Exercise instructions: Give back every line of the material exactly. Skip the pictures.

Data shown:

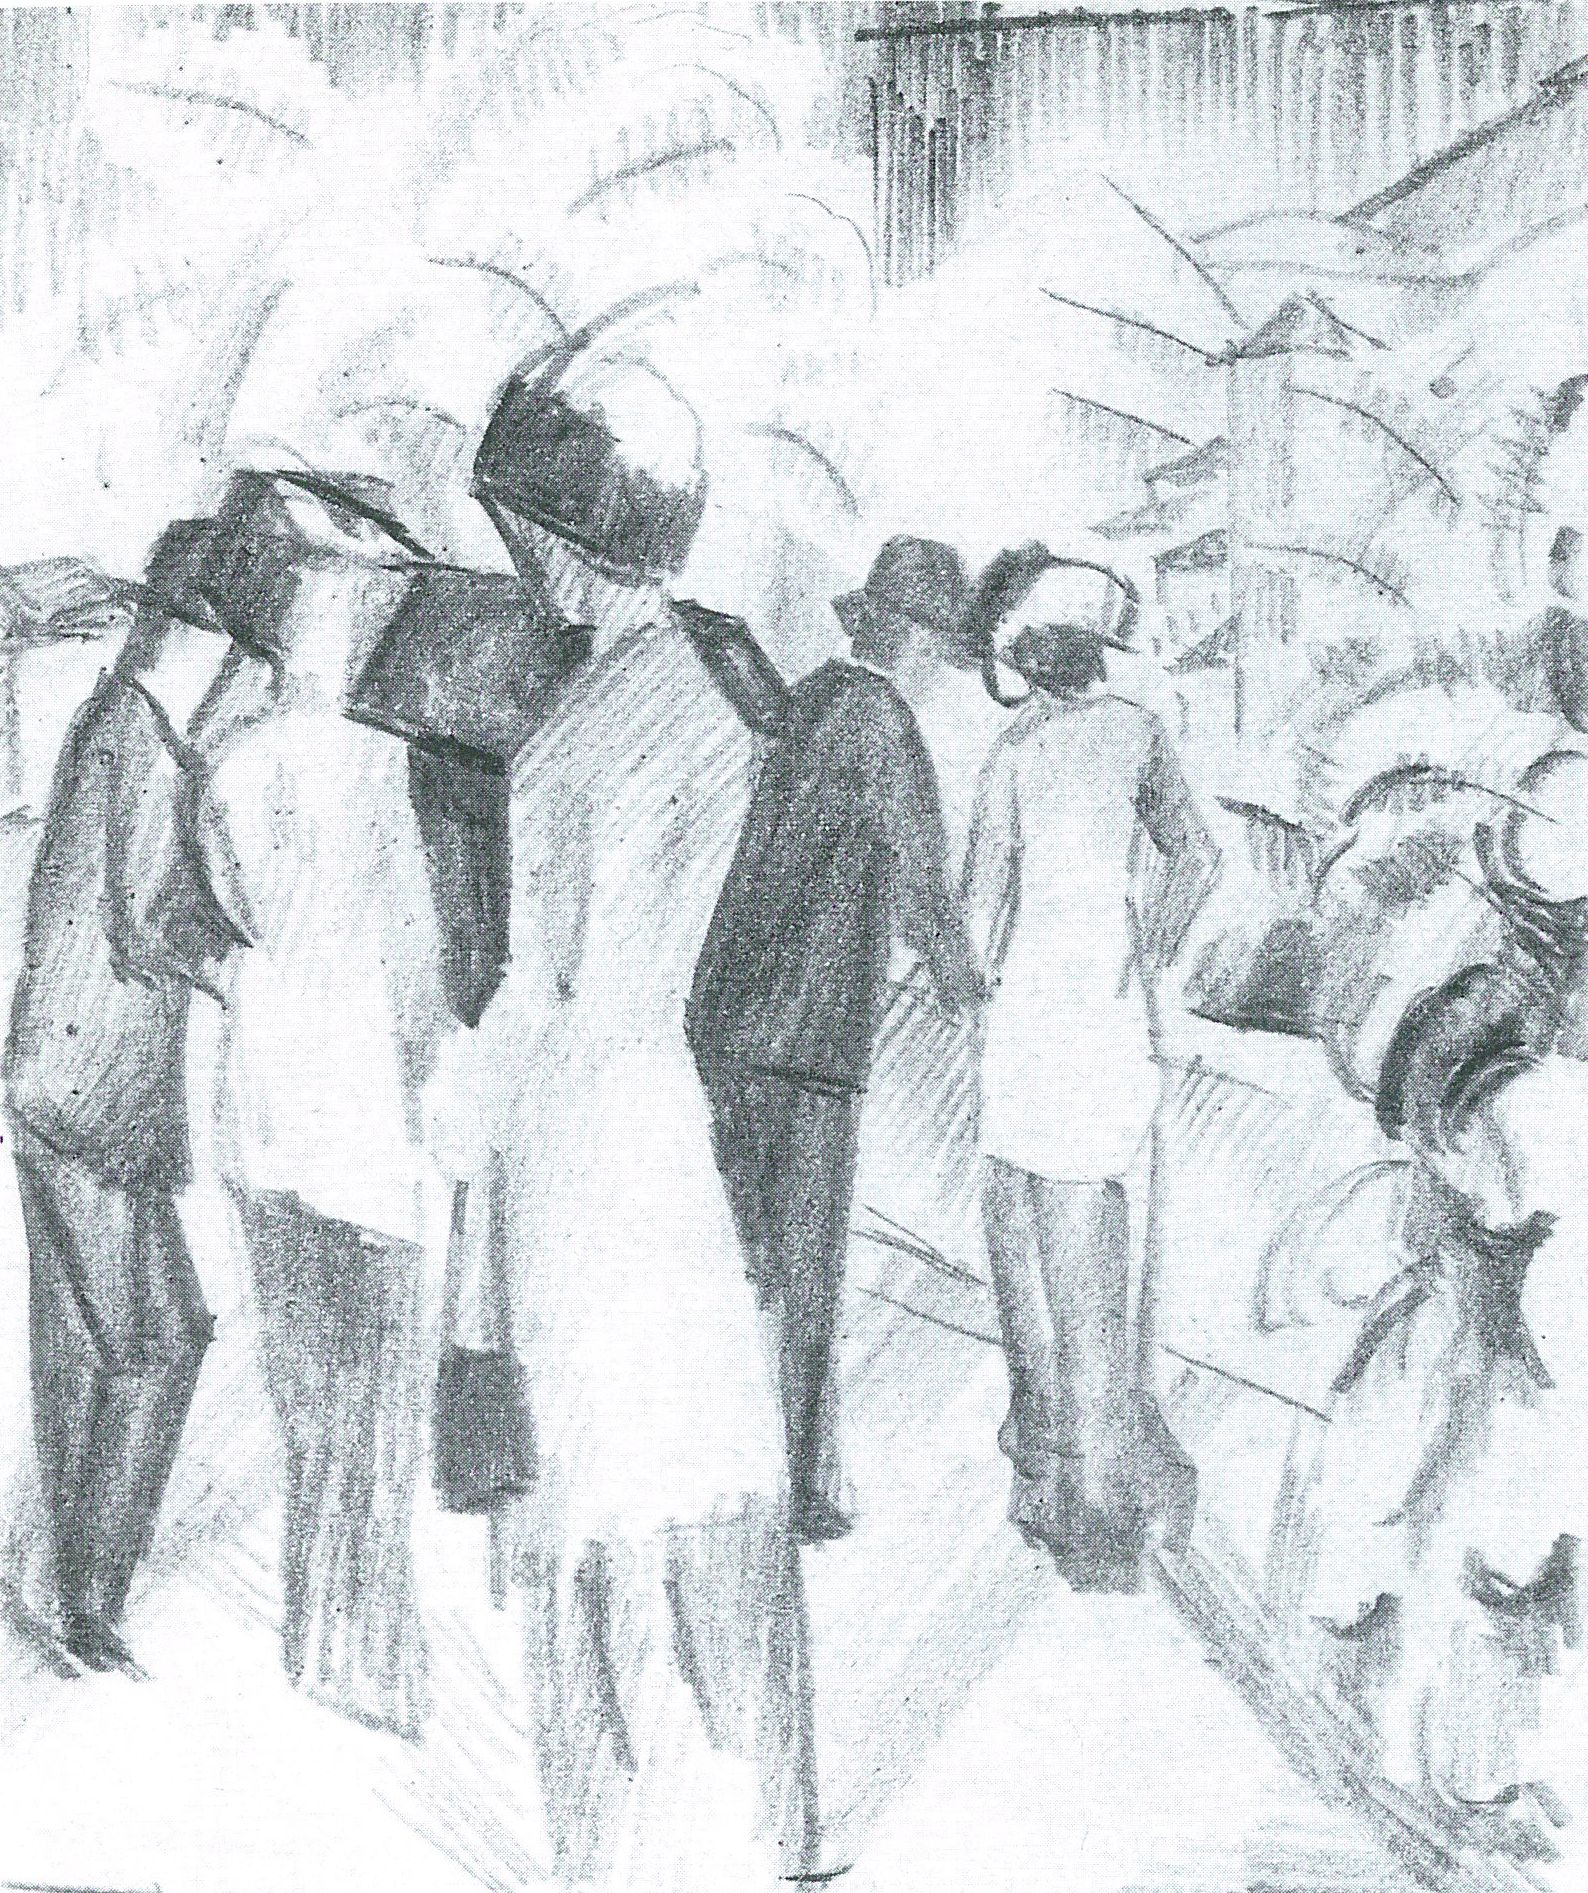 Macke, August: Dame in grüner Jacke (Skizze zum Bild)
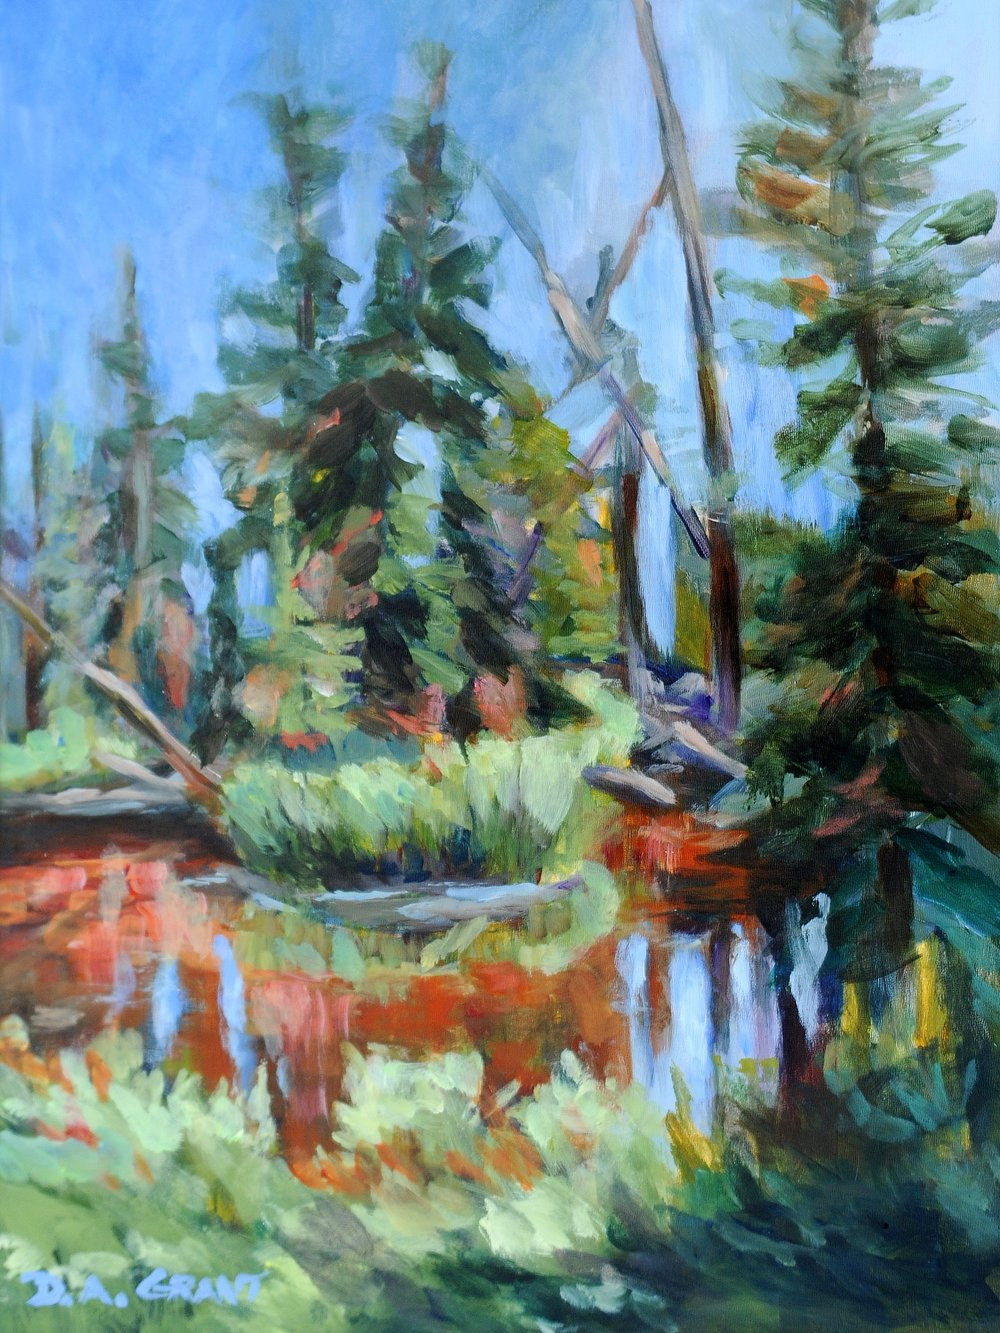 """Spruce River"" (Waskesiu), acrylic, 12x16"
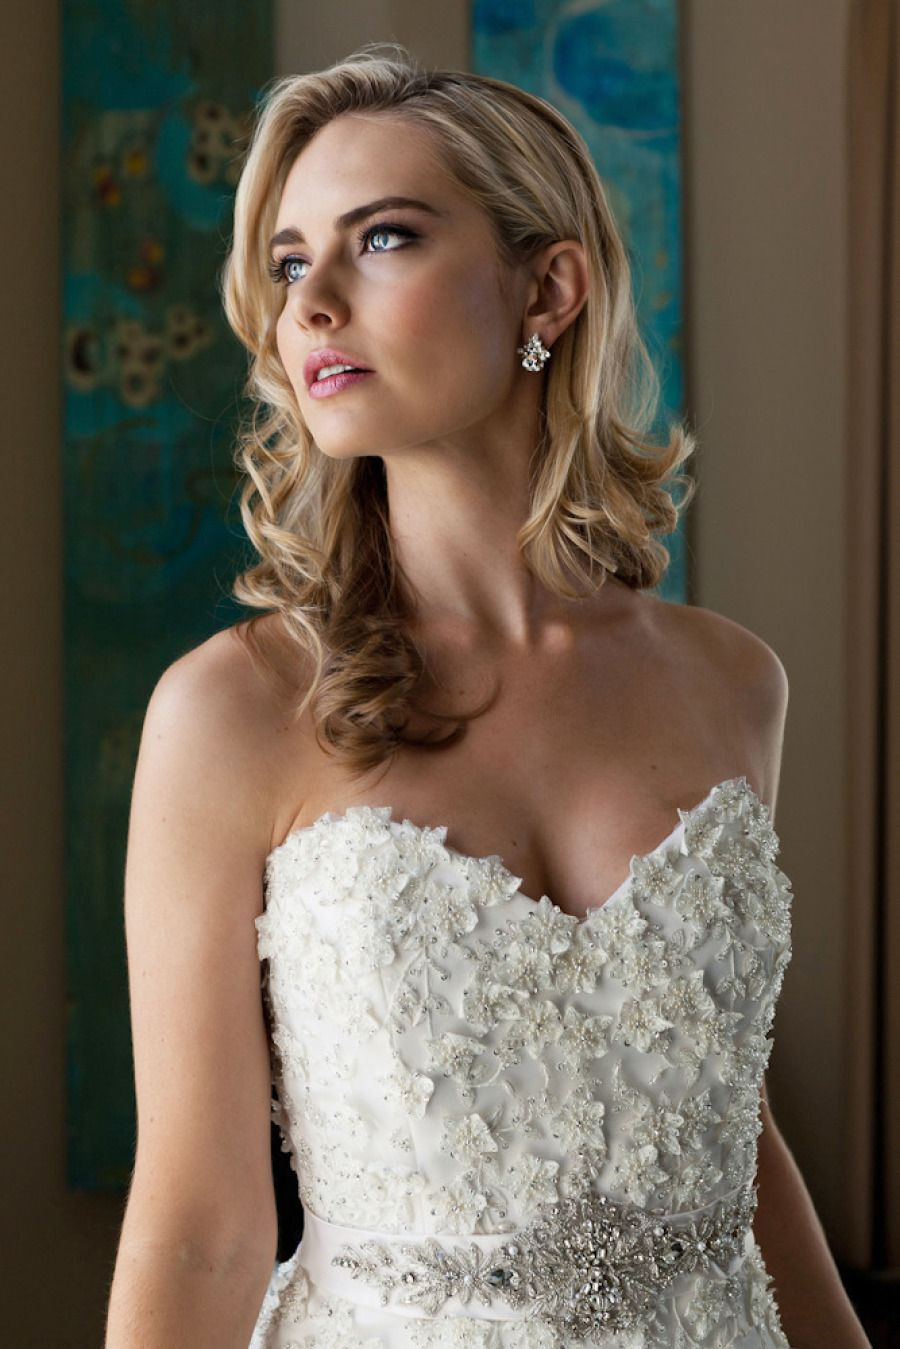 Cinderella inspired wedding dress  A Modern Cinderella Inspired Photo Shoot from Anza Foto  Film
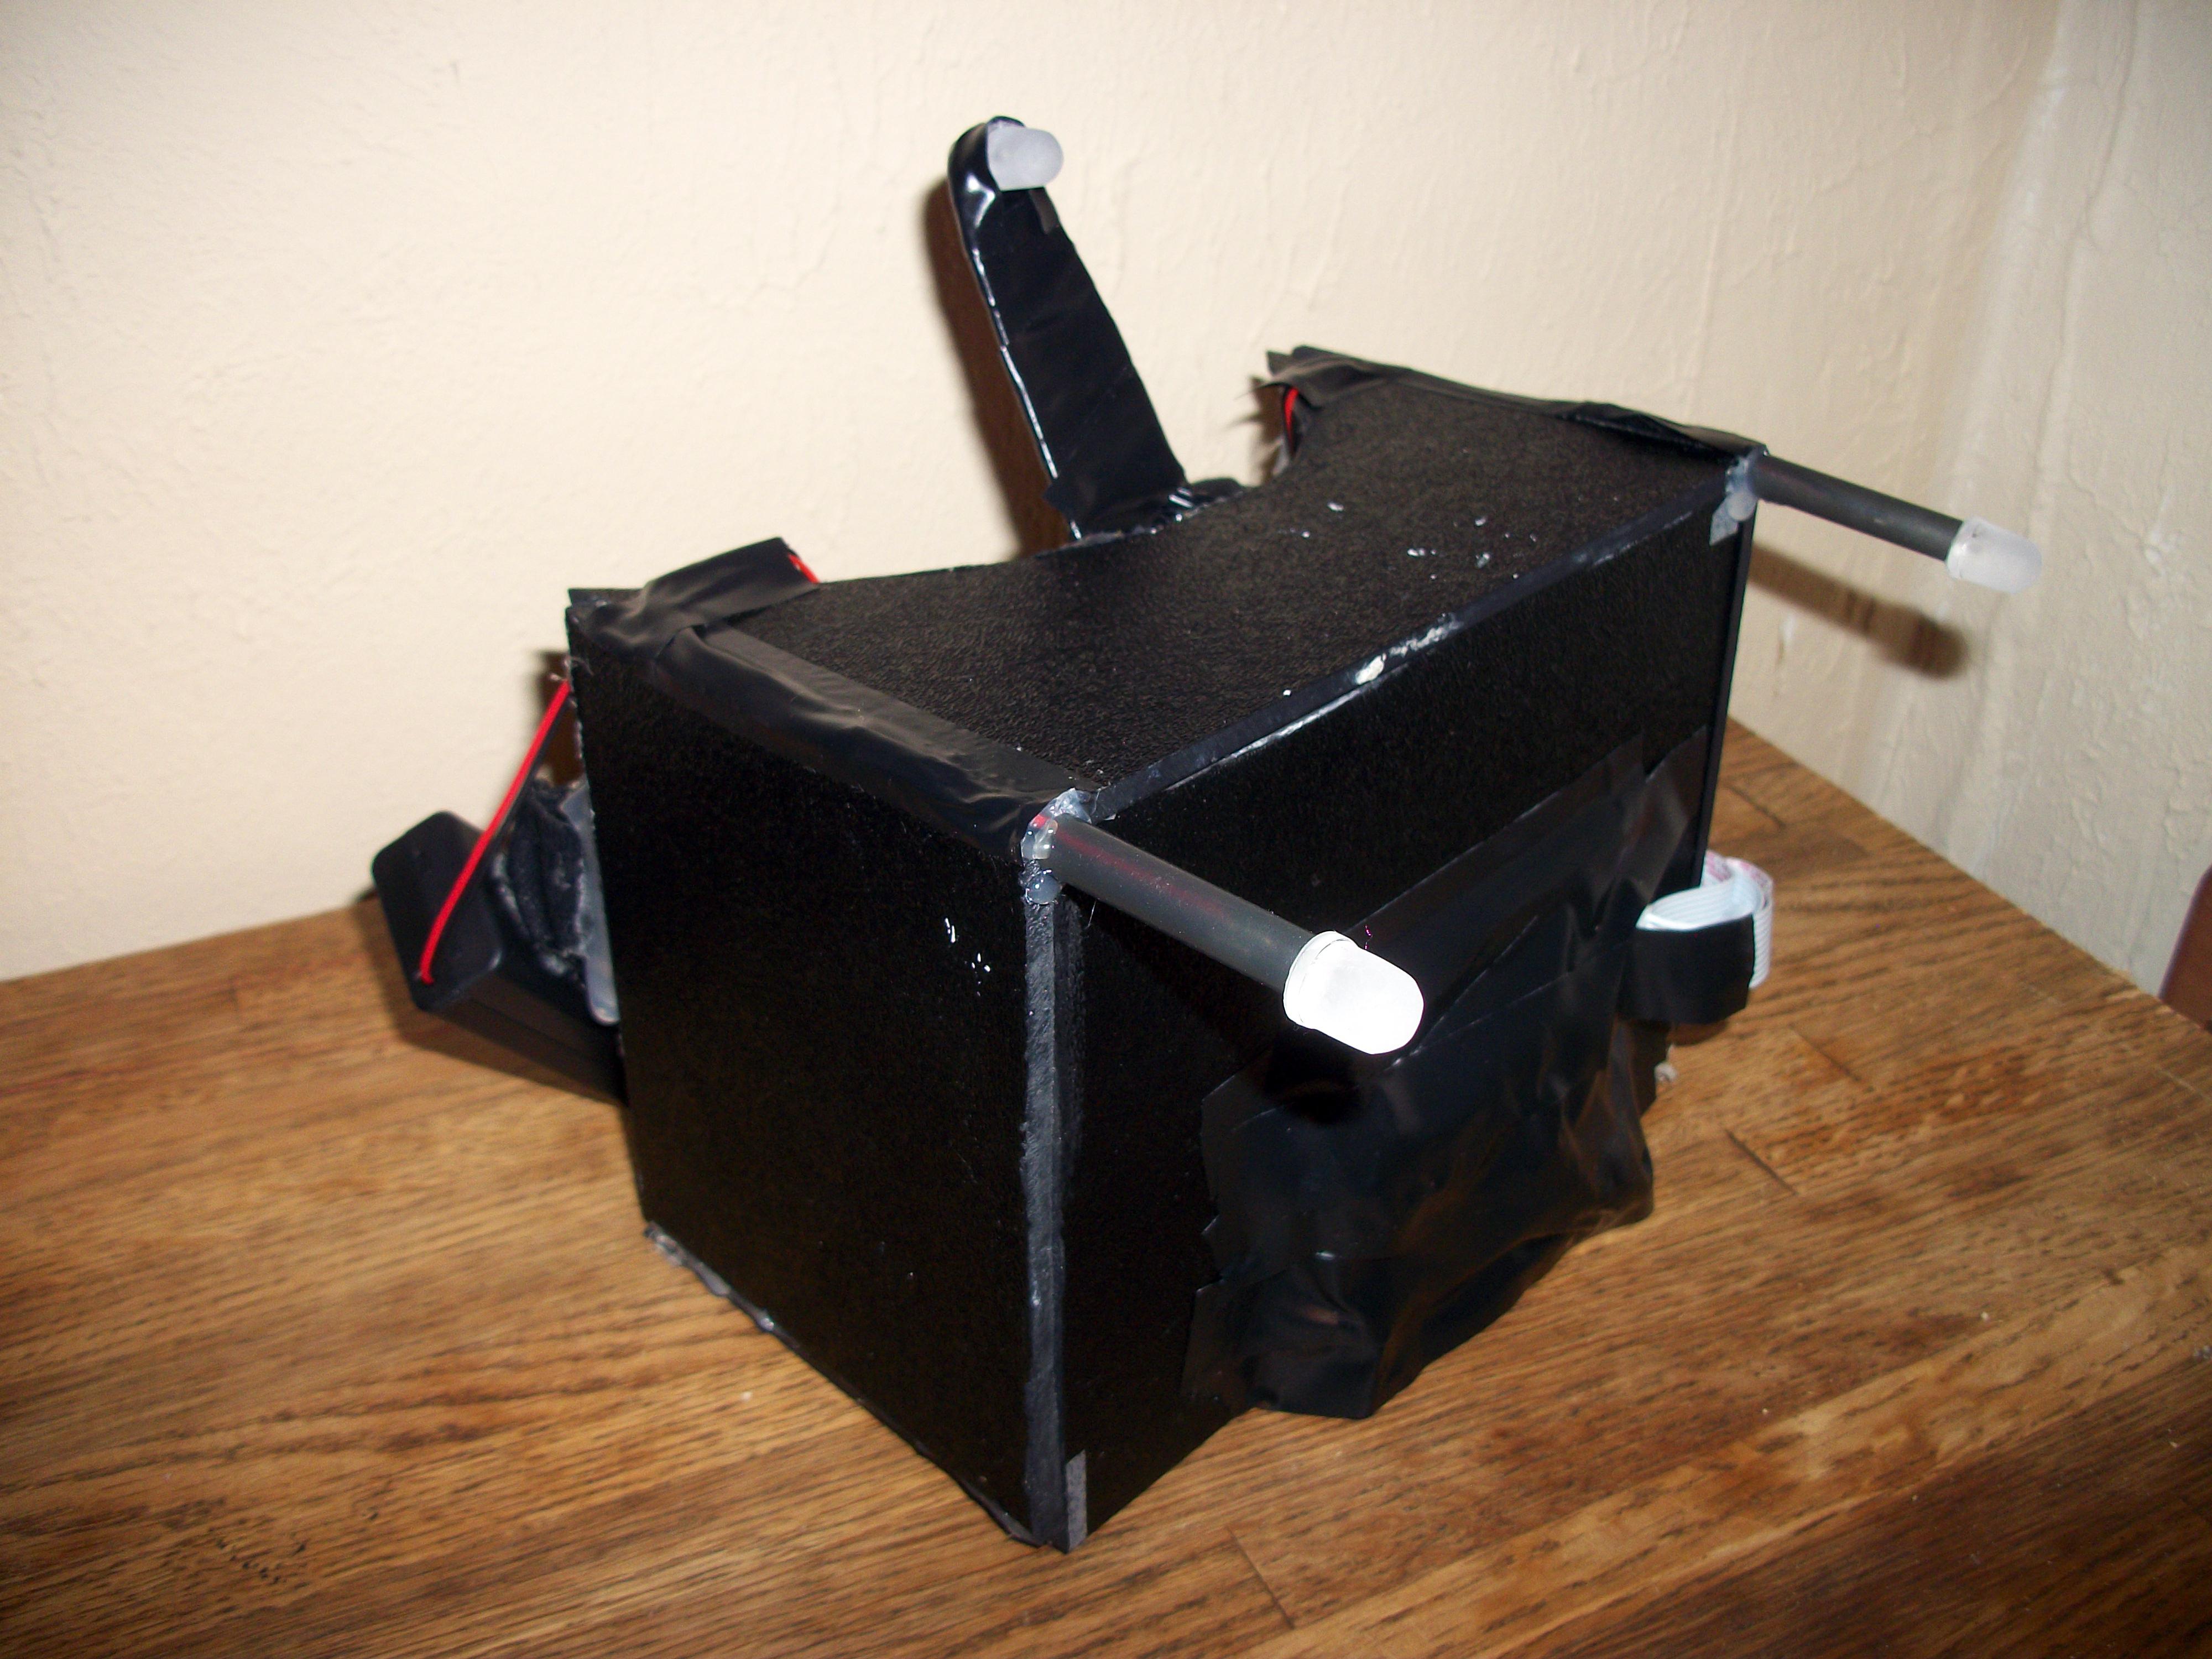 Picture of The Nova—A DIY Oculus Rift!

Response to the task:
 Macke, August: Dame in grüner Jacke (Skizze zum Bild)
 """Spruce River"" (Waskesiu), acrylic, 12x16"
 Cinderella inspired wedding dress  A Modern Cinderella Inspired Photo Shoot from Anza Foto  Film
 Picture of The Nova—A DIY Oculus Rift!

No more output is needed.